Writer Adam Gopnik, in a recent piece for The New Yorker magazine, tackled the question, “Why teach English?”
College graduation statistics have been showing a steady decrease in English majors in recent years, and Gopnik said he fears the major is vanishing from American colleges and universities just as the Latin prerequisite vanished before it.
In response to this decline, he said people have been clamoring to make their case to save the study, with most defenses falling into two categories: One that argues English majors make better people and the second that they make for better societies.
Gopnik, however, said he doesn’t buy into these arguments.

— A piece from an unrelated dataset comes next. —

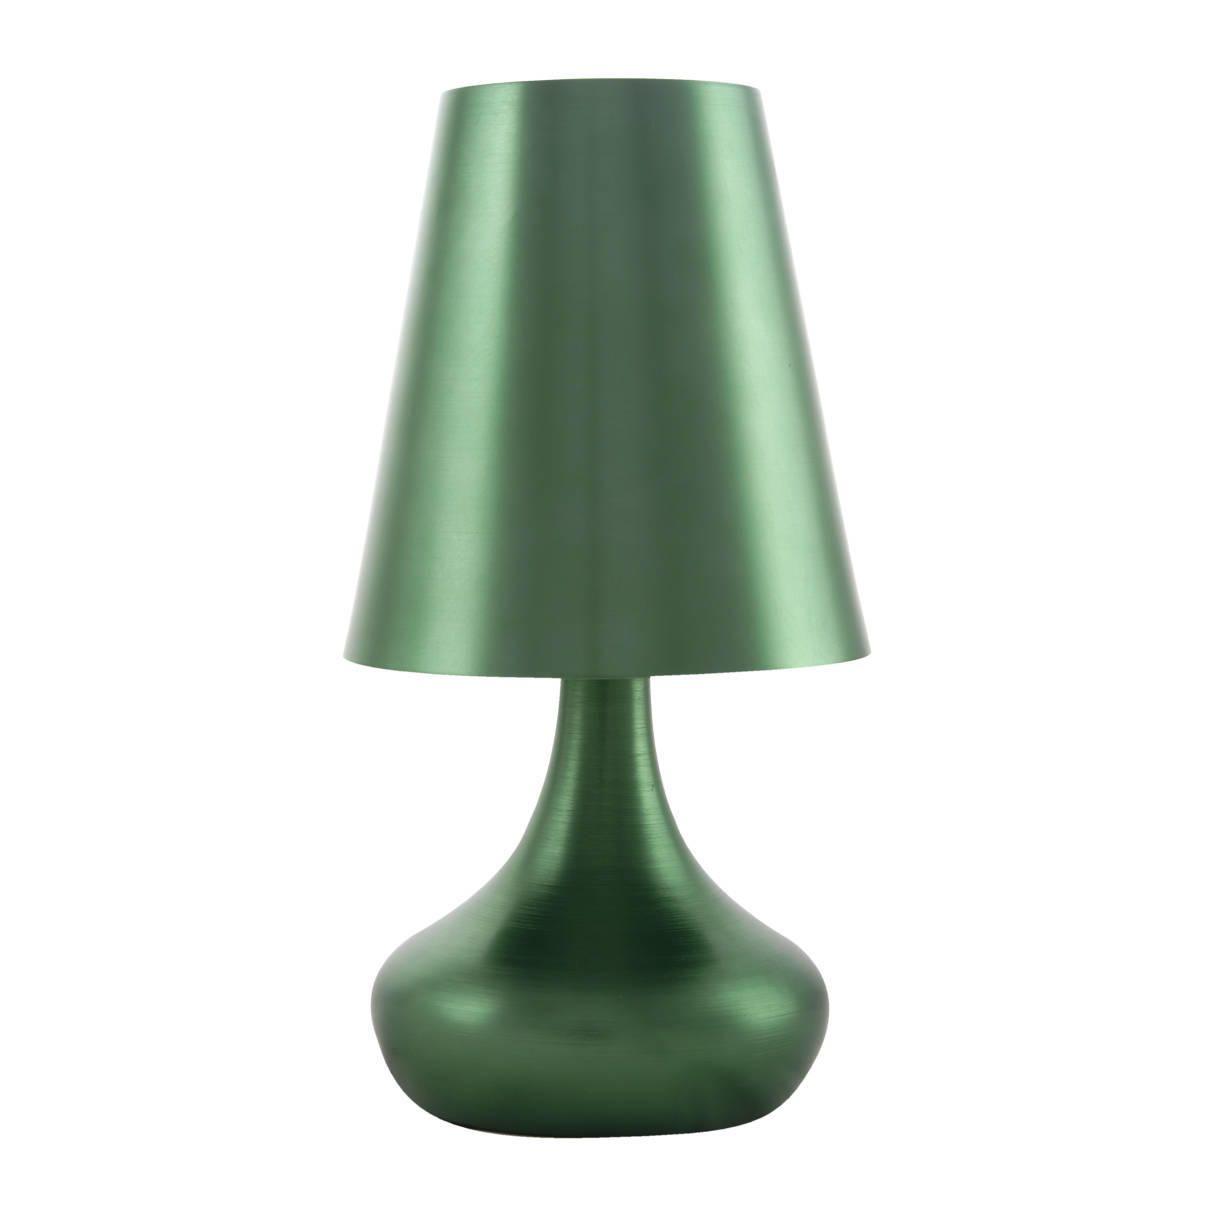 Zany Green Aluminium Table Lamp

“There really are no whys to such things anymore than there are to why we wear clothes or paint good pictures or live in more thatn hovels or huts or send flowers to our beloved on their birthday," he said. "We need humanities not because they will produce shrewder entrepreneurs or kinder CEOs, but because they help us enjoy like more and endure it better."
He illustrates his point by writing about his own father, a son of a Jewish immigrant butcher, who had a love of reading. From a lower-middle class upbringing, Gopnik's father was able to put himself through college to become none other than an English professor.
"Critics miss the meaning of lives like my own father, which were all about finding a passion and a purpose in life by being exposed to books, and that was only possible through the existence of English majors in an English department," he said.